== EXERCISE BRIEF ==
Starting at the line that contains "Foto vintage de", return each line exactly as written until the listing below ends, and return no other line.

== SOURCE RECORDS ==
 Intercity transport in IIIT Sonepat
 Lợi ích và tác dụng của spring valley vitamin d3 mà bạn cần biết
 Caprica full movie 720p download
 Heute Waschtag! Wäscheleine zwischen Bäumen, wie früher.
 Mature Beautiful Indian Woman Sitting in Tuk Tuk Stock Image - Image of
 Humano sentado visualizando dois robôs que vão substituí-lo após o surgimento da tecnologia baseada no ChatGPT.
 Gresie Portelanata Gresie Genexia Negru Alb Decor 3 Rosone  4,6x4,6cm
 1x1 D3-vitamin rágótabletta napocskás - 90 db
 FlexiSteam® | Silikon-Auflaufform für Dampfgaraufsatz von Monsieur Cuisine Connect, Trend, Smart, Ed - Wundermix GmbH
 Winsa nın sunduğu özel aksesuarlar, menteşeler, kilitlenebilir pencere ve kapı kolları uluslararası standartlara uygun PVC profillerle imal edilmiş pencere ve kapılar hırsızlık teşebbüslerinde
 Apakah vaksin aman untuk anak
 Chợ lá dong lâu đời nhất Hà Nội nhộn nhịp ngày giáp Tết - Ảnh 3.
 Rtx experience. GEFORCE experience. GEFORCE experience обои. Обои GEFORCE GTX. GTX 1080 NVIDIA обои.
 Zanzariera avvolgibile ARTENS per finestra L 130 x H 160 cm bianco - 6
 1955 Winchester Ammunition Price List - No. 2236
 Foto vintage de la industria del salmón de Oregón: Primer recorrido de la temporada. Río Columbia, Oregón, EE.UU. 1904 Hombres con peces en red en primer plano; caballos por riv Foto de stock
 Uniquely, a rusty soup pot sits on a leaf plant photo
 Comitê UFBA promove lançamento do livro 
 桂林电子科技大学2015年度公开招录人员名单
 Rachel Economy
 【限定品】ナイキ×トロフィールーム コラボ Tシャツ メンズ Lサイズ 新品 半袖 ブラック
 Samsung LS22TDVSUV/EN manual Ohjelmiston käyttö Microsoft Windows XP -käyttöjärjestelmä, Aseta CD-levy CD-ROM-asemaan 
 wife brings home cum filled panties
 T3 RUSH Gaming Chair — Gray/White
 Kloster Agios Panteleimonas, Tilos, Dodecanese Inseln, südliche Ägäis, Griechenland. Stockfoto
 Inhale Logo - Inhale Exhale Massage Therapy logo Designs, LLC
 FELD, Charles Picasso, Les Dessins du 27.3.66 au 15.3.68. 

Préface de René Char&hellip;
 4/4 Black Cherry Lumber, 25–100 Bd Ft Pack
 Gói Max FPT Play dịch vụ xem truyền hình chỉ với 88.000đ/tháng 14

== YOUR SOLUTION ==
 Foto vintage de la industria del salmón de Oregón: Primer recorrido de la temporada. Río Columbia, Oregón, EE.UU. 1904 Hombres con peces en red en primer plano; caballos por riv Foto de stock
 Uniquely, a rusty soup pot sits on a leaf plant photo
 Comitê UFBA promove lançamento do livro 
 桂林电子科技大学2015年度公开招录人员名单
 Rachel Economy
 【限定品】ナイキ×トロフィールーム コラボ Tシャツ メンズ Lサイズ 新品 半袖 ブラック
 Samsung LS22TDVSUV/EN manual Ohjelmiston käyttö Microsoft Windows XP -käyttöjärjestelmä, Aseta CD-levy CD-ROM-asemaan 
 wife brings home cum filled panties
 T3 RUSH Gaming Chair — Gray/White
 Kloster Agios Panteleimonas, Tilos, Dodecanese Inseln, südliche Ägäis, Griechenland. Stockfoto
 Inhale Logo - Inhale Exhale Massage Therapy logo Designs, LLC
 FELD, Charles Picasso, Les Dessins du 27.3.66 au 15.3.68. 

Préface de René Char&hellip;
 4/4 Black Cherry Lumber, 25–100 Bd Ft Pack
 Gói Max FPT Play dịch vụ xem truyền hình chỉ với 88.000đ/tháng 14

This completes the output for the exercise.